D.Pharmaceutical therapy:

1.Antibiotics:

a.Nonsevere with no methicillin-resistant Staphylococcus aureus (MRSA) risk factors: Dicloxacillin 500 mg orally every 6 hours OR cephalexin 500 mg orally every 6 hours for 10 to 14 days to reduce relapse; however, 5 to 7 days can be used if rapid response occurs. If beta-lactam hypersensitive: Clindamycin 300 mg orally every 8 hours.

b.Nonsevere with MRSA risk factors: Clindamycin 300 mg orally every 8 hours. Trimethoprimsulfamethoxazole (breastfeeding toxicity) one doublestrength tablet orally every 12 hours.

c.Severe: Vancomycin 15 to 20 mg/kg/dose every 8 to 12 hours, not to exceed 2 g per dose depending on breast milk and blood culture results.

2.Advise the patient to complete the full course of antibiotics even if symptoms are improved sooner.

3.Candidal vaginitis may develop secondary to antibiotic therapy.
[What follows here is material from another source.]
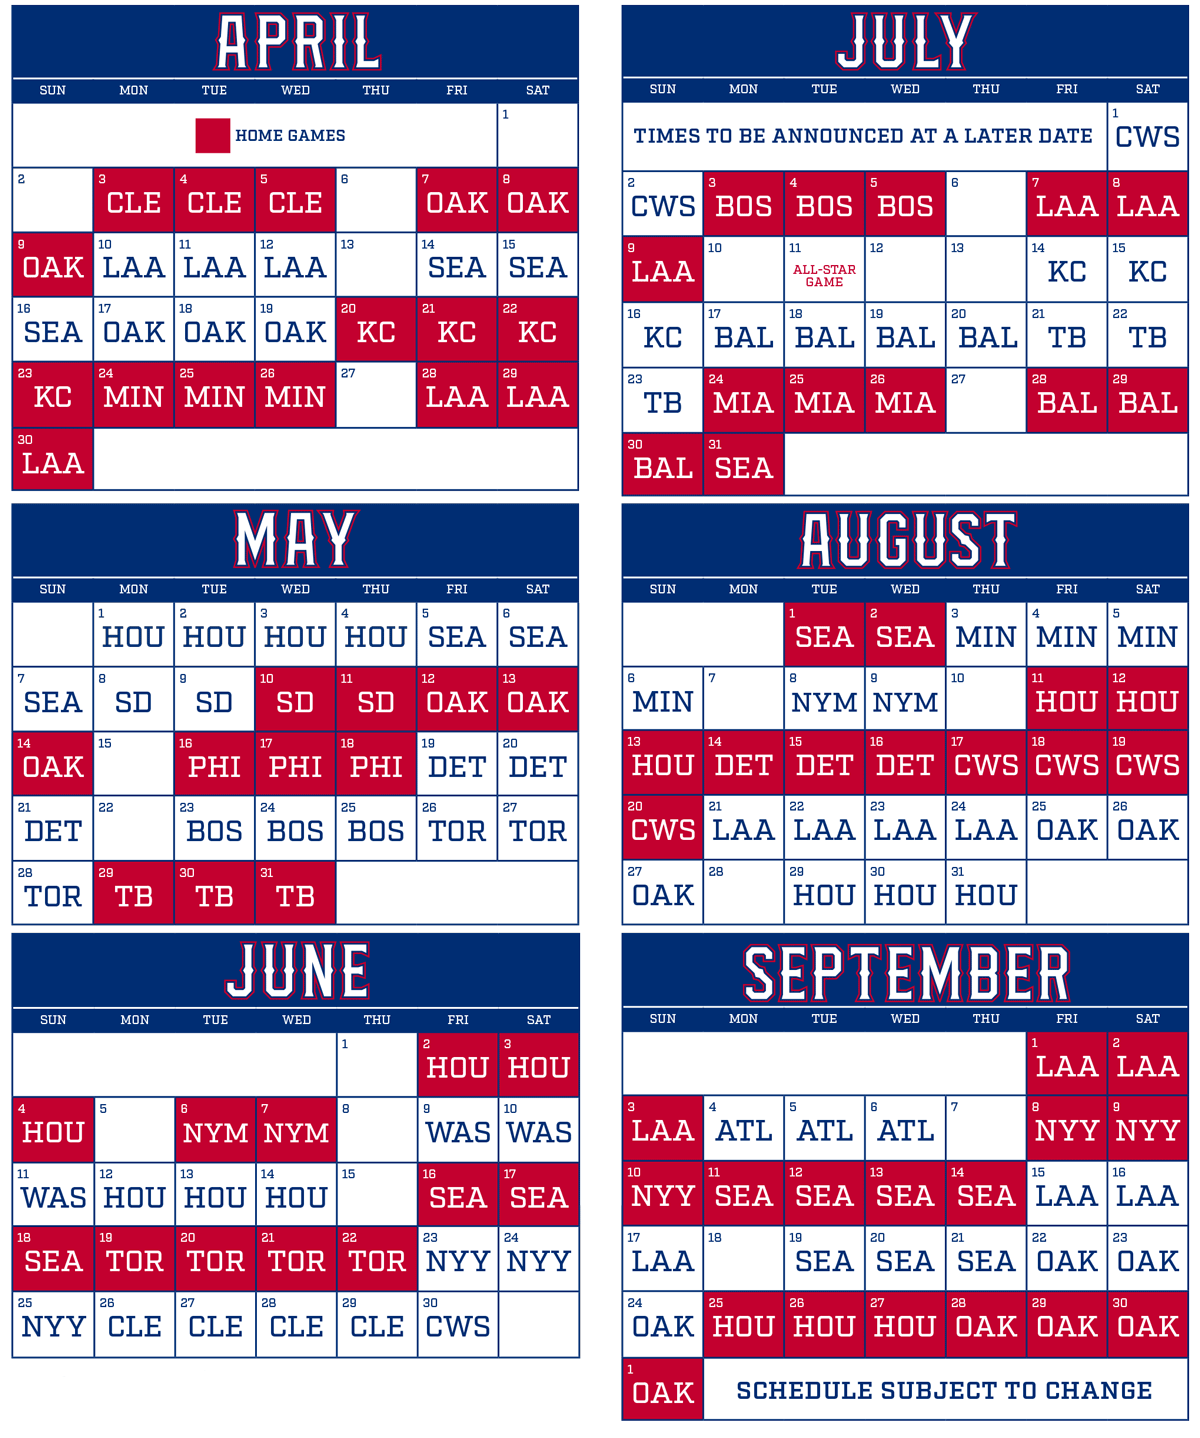 Rangers 2017 schedule released: Texas to open next season at home, play NL East in interleague
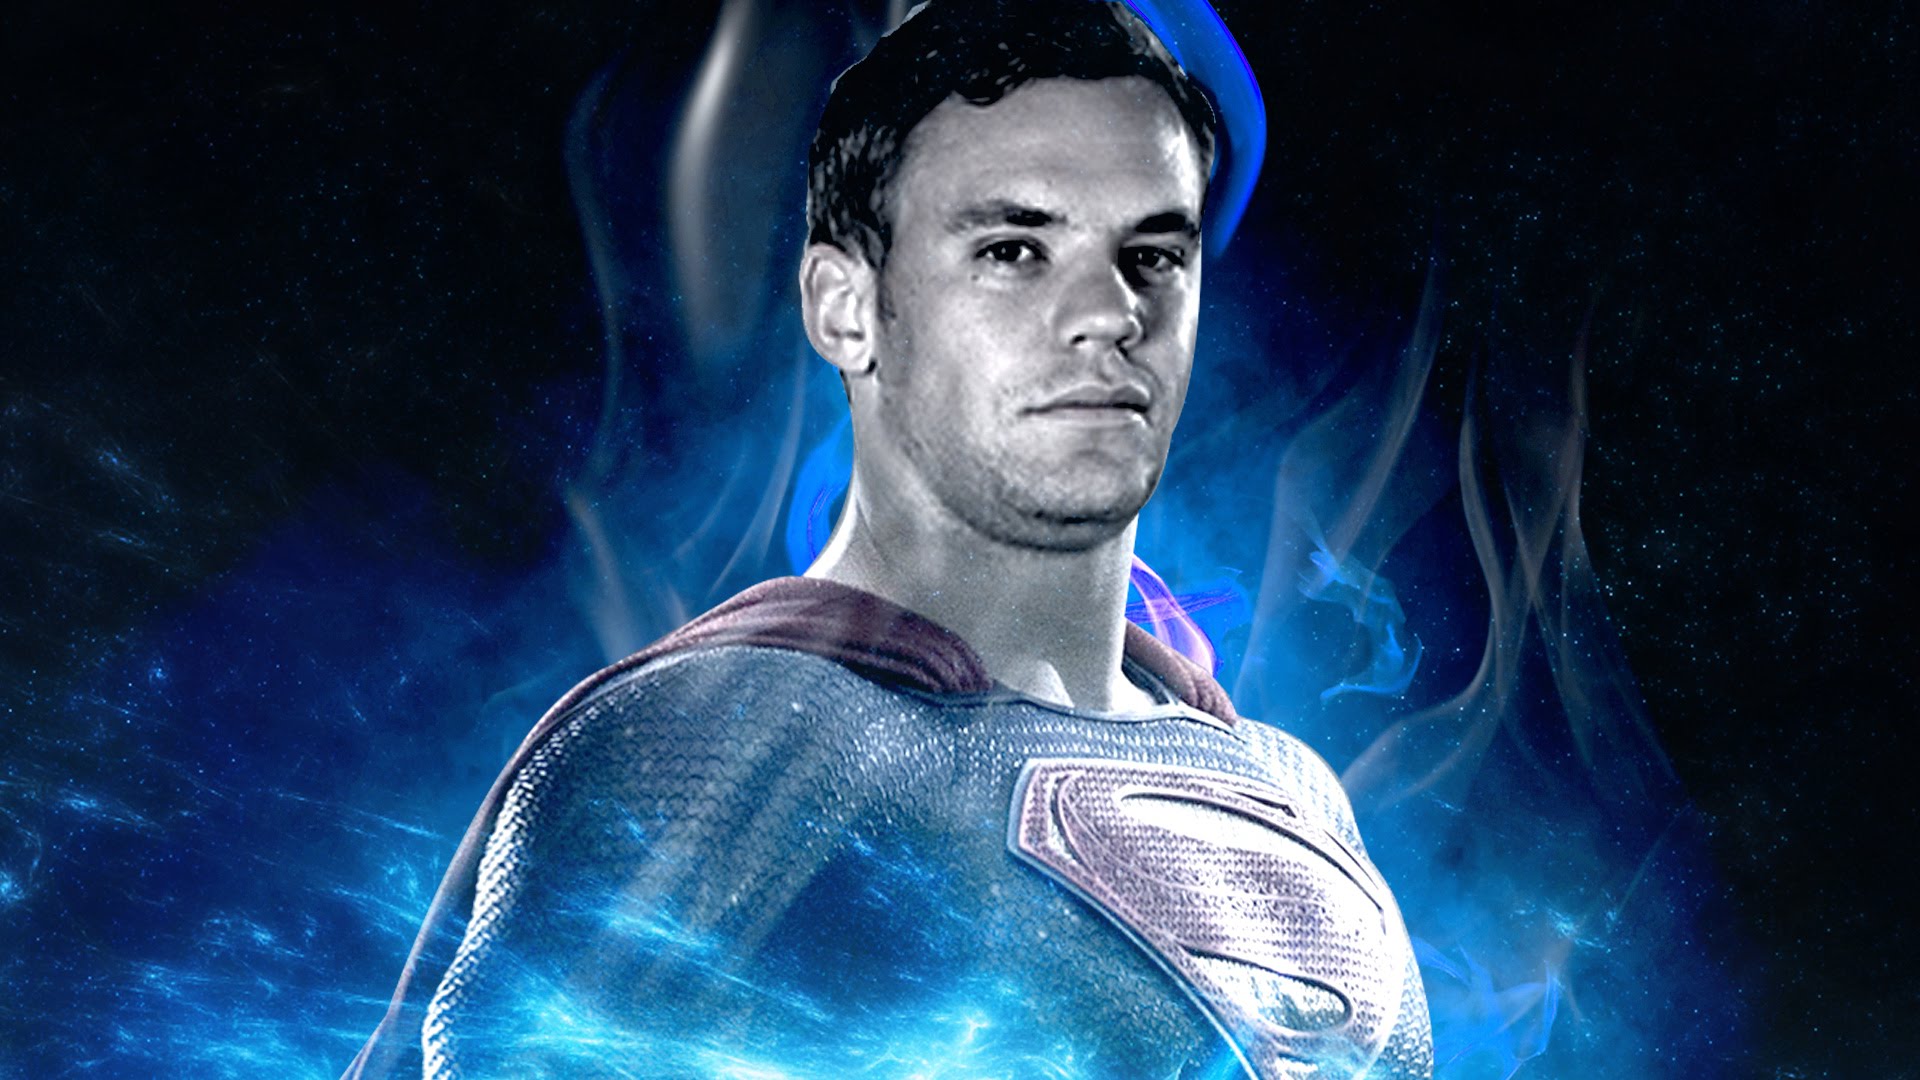 Manuel Neuer Wallpaper High Resolution And Quality

The patient should be aware of the signs, symptoms, and treatment plan if it should occur.

4.Acetaminophen (Tylenol) or ibuprofen for pain management.

5.The patient may require pain medication if acetaminophen (Tylenol) or ibuprofen is not effective. Use acetaminophen with codeine phosphate (Tylenol No. 3) or other narcotic as needed for pain.

Follow-Up

A.Evaluate the patient in 48 hours if a breast abscess is suspected; assess need for surgical consultation.

Consultation/Referral

A.Consult a physician if a breast abscess is suspected, for persistent signs of infection, or if antibiotic treatment is unsuccessful. Treatment of a breast abscess may include surgical incision and drainage of the abscess.

B.Notify the pediatrician if mastitis is diagnosed.